Seasonal Variations in Bottom Water Temperatures and their Influence on Subaquatic Permafrost Thermal Regimes
- 1Alfred Wegener Institute Helmholtz Centre for Polar and Marine Research, Potsdam, Germany
- 2SRK Consulting (U.S.), Inc., Eagle River, USA
The thermal regime in sediment below the ocean or lakes is mostly governed by the sea or lake bed temperature and by the geothermal heat flow. This thermal regime will determine whether permafrost beneath water bodies is preserved or how rapidly it thaws. Thermal modelling uses mean annual bottom water temperatures to calculate permafrost presence or absence, while predictions of shallow sediment thermal regimes must be forced with time series of changing bottom water temperatures that also account for freezeback of the water column to the bottom, forming bottom-fast ice. However, continuous, annual measurements of bottom water temperatures in Arctic lakes and coastal marine settings are hard to obtain and therefore scarce. Waves and sea ice movement make deployment and recovery of instruments difficult.
We provide a parameterization of the bottom water temperature function that relies on easier to obtain variables, such as the mean, minimum and maximum air temperature and the water depth, by comparing measured and modelled shallow sediment thermal regimes from the Arctic. We use a parameterization based on a simple cosine for the water temperature with mean temperature, amplitude and time shift and add the minimum water temperature to obtain a 4 parameter function. For shallow regions with bottom-fast ice, additionally the duration of the ice-growth and -melting period as well as the minimum air temperature are needed.
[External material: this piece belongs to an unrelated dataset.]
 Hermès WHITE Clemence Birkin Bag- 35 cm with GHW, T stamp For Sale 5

We test our parameterizations with a globally unique data set of 4 years of ground temperature data collected from the seabed to a depth of 10 m from the near shore zone of the Mackenzie Delta. At the instrumented sites, permafrost is present beneath mostly freshwater bottom-fast and floating ice. Forward modeling of sediment temperatures is performed using the 1D heat transfer model CryoGrid with depth dependent thermal properties. We neglect advective processes and long-term temperature trends in the bottom water temperatures.
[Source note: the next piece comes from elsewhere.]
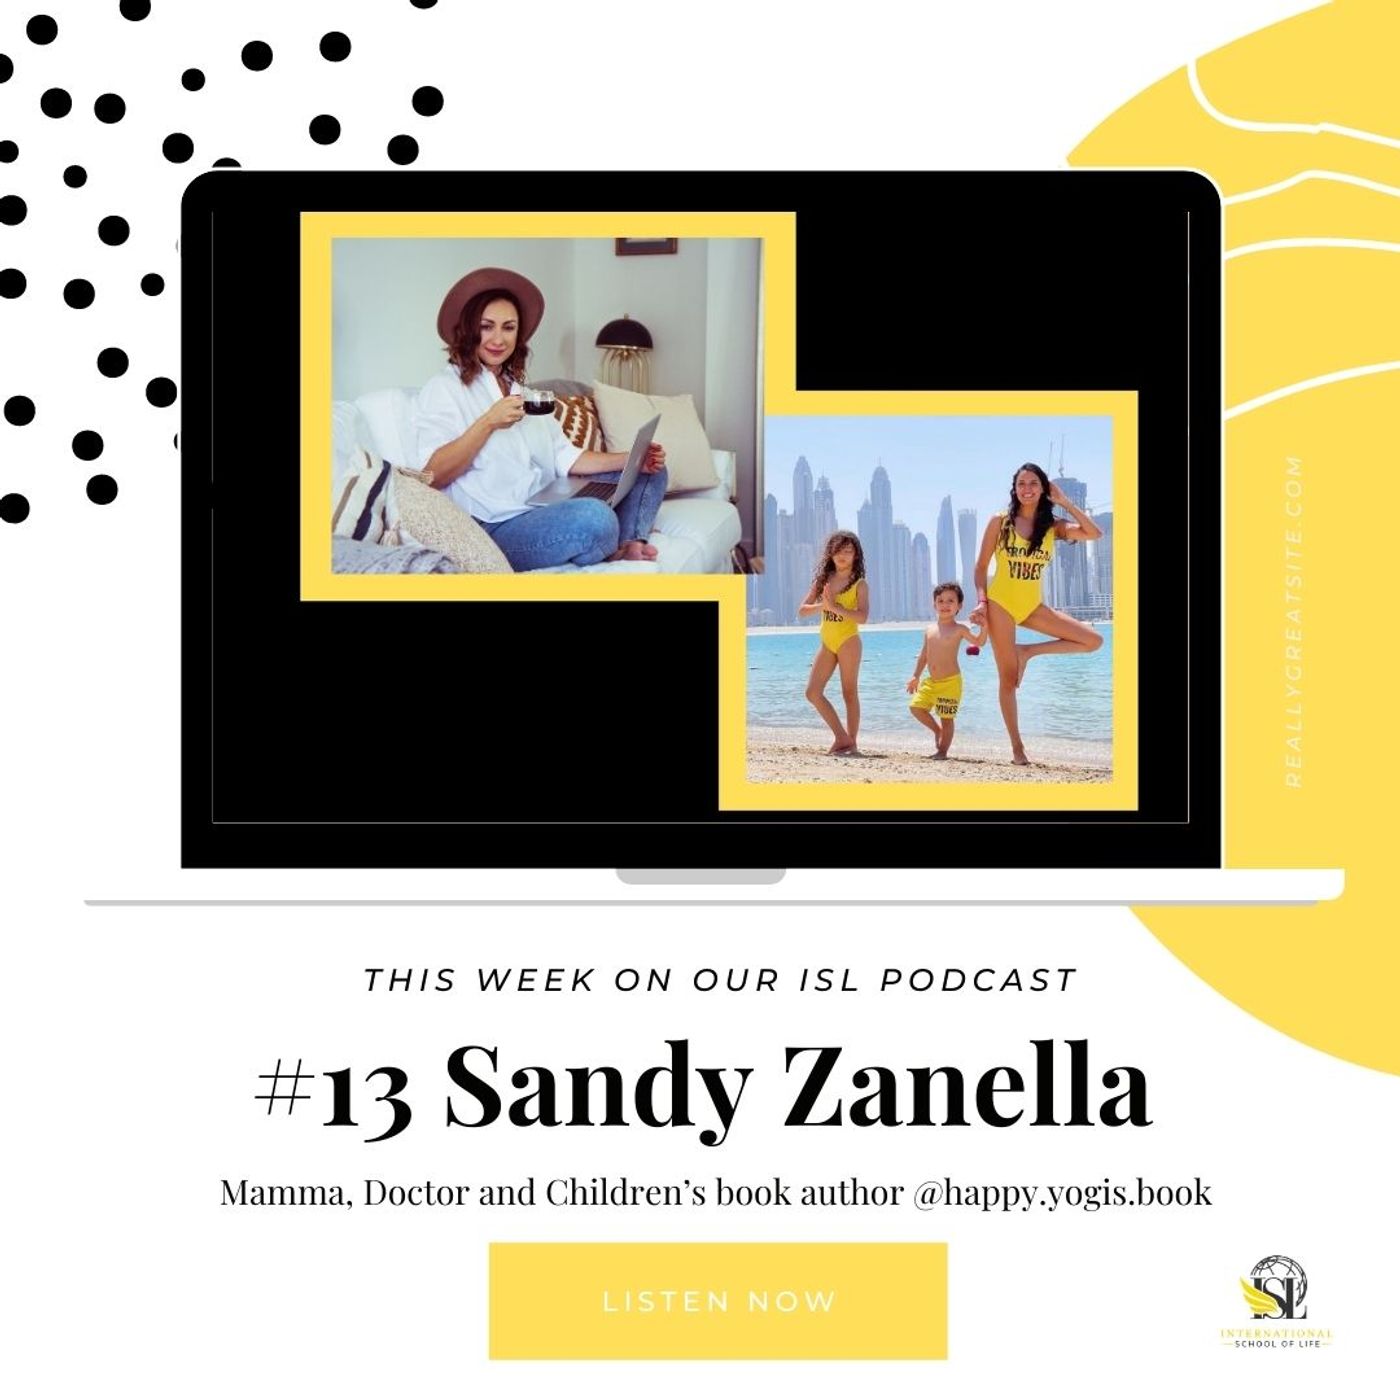 #13 Interview with Sandy Zanella –- Mamma, Doctor and Children’s book author @happy.yogis.book (recorded April 2021)

Rough parameterization of the annual variation of water bottom temperatures reproduce measured water temperatures with a RMSE of 20-40 %. The resulting modeled sediment temperature field based on 10 years of repeated parameterized bottom water temperatures matches the modeled sediment temperature field based on measured water temperatures in terms of permafrost characteristics, including the depth of the active layer defined by the 0°C isotherm over the year. However, both modelled temperature fields yield significantly higher sediment temperatures than the measured sediment temperature field. This may be the result of choice of sediment thermal properties in the thermal model or shifts in the duration of bottom-fast ice contact or on-ice snow Since modelled temperature fields from both repeated measured and parameterized bottom water temperatures show the same deviation, it suggests that the bottom water temperatures were warmer during the measurement period than the average over the previous 10 years.
How to cite: Miesner, F., Overduin, P. P., and Stevens, C.: Seasonal Variations in Bottom Water Temperatures and their Influence on Subaquatic Permafrost Thermal Regimes, EGU General Assembly 2021, online, 19–30 Apr 2021, EGU21-14883, https://doi.org/10.5194/egusphere-egu21-14883, 2021.